Underlying this paper is the proposition that the challenges facing both social epidemiology and health promotion are closely linked. Both areas are experiencing difficulties in developing a satisfying conception of the social aspects of health. Although social epidemiology proposes innovative conceptualizations of health and disease (McKinlay & Marceau, 1999; 2000), causality (Krieger, 1994) and social categories as fundamental causes of disease (Link & Phelan, 1995), most studies make use of these social categories as just another layer of risk factors in predictive models (Macintyre, Ellaway, Cummins, 2002). There is little discussion on whether these categories are of the same nature as the risk factors that are usually produced by classical epidemiological studies (Potvin & Frohlich, 1998).

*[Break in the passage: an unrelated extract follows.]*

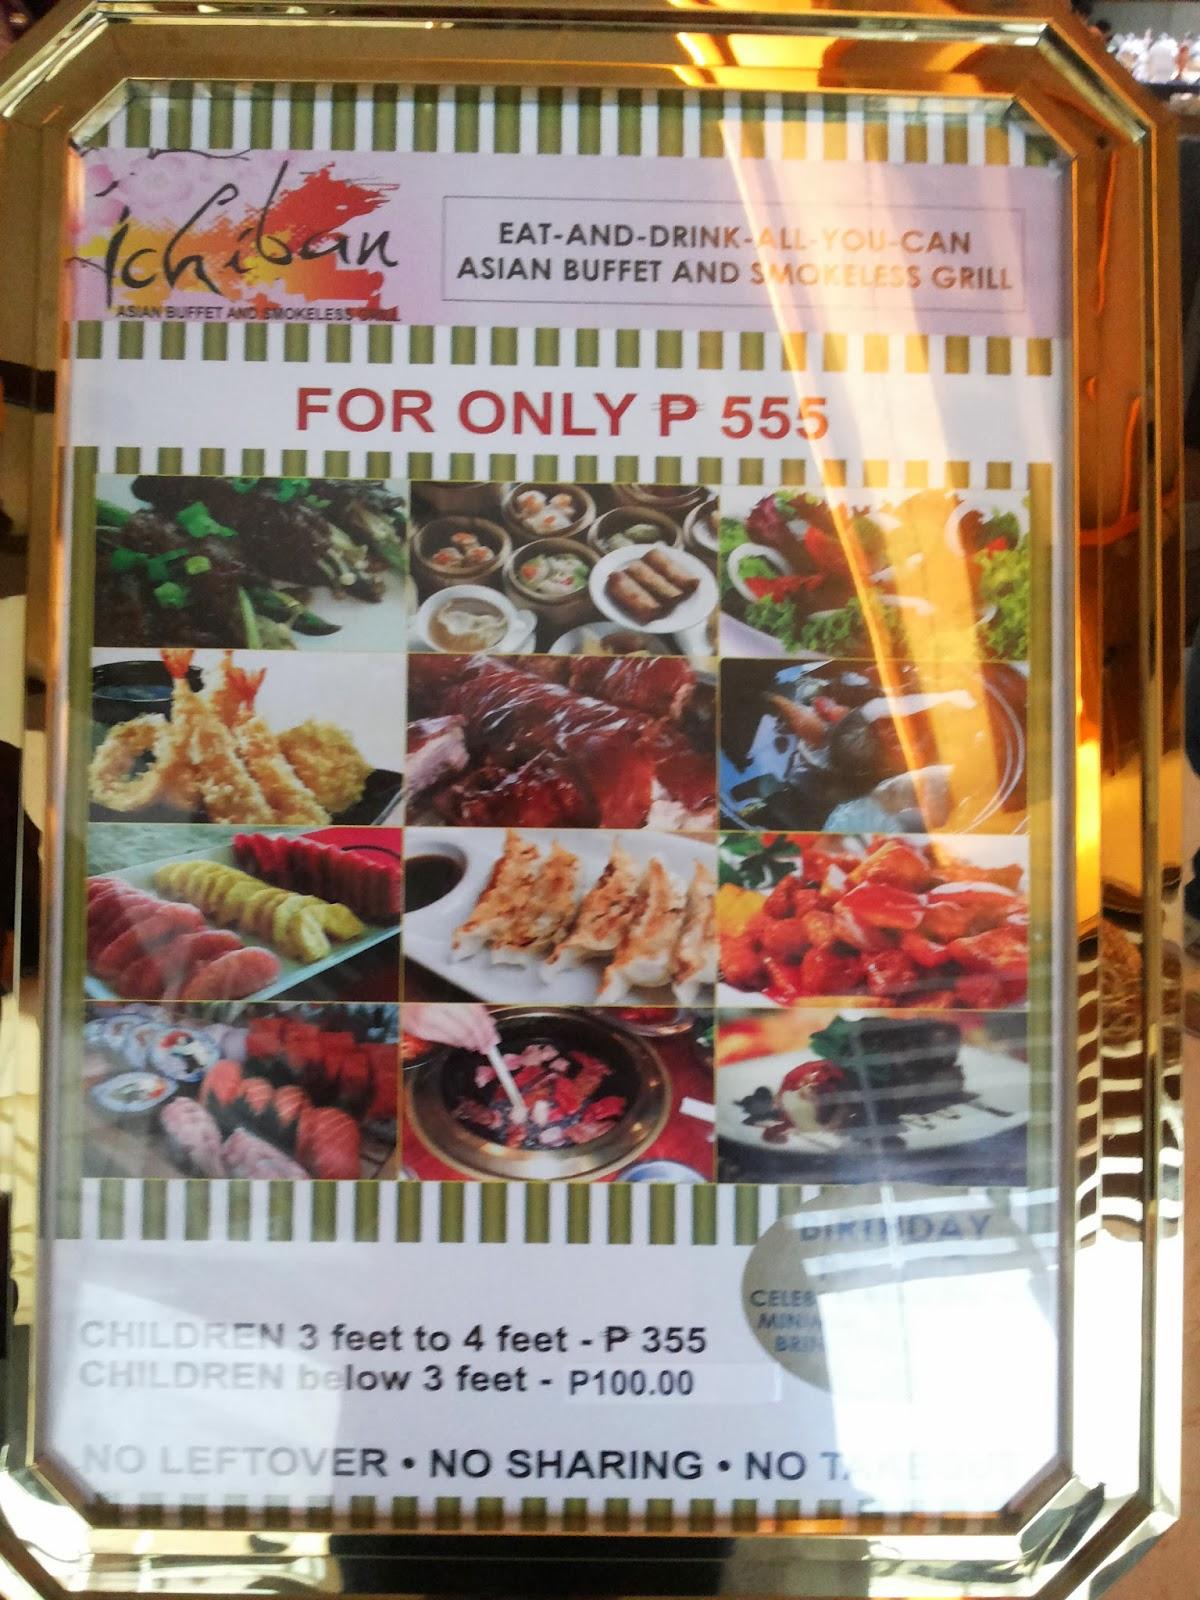 where to eat in san fernando pampanga ichiban mix buffet and rh binibiningwanderlust com ichiban buffet price flowood ms ichiban buffet price pampanga

Similarly, in the realm of public health intervention, from disease prevention to health education, and to health promotion, approaches to improving population health have evolved as well as our conception of health and disease (Green & Kreuter, 1999). Although some “avant garde” practices in health promotion are leading the way into radically new conceptions of health and public health interventions, these practices still lack proper tools to reflect on their process (McQueen & Anderson, 2001) and produce the much awaited positive results that will legitimate public spending (IUHPE, 2000).
In this paper, we propose that a careful examination of the barriers encountered by health promotion to complete its transformation away from disease prevention also provides insights that will help social epidemiology achieve its own transformation away from classical epidemiology. In so doing we identify two epistemological blind spots that are common to health promotion and to social epidemiology. These two blind spots are reflexivity and historicity, two notions that contemporary social theory has developed extensively to further our understanding of the complex relationship between human practices and the social structure. The former pertains to the absence of an absolute determinism between the social structure and human practices given the human capacity to reflect on its own experience with abstract categories, thus creating agency and capacity to transform the structure. The latter refers to the conception that at any time, the state of an object (program, health status or other) cannot be isolated from the contexts that give it meaning: its previous states and its transformation.
In addition to their relevance for an appropriate evaluation of health promotion, these two notions could help debug some of the issues in the study of health and place (Macintyre et al., 2002). Our hope is that by achieving its own transformation from classical epidemiology, social epidemiology will contribute to freeing the evaluation of health promotion from the models that were designed to evaluate disease prevention and health education interventions.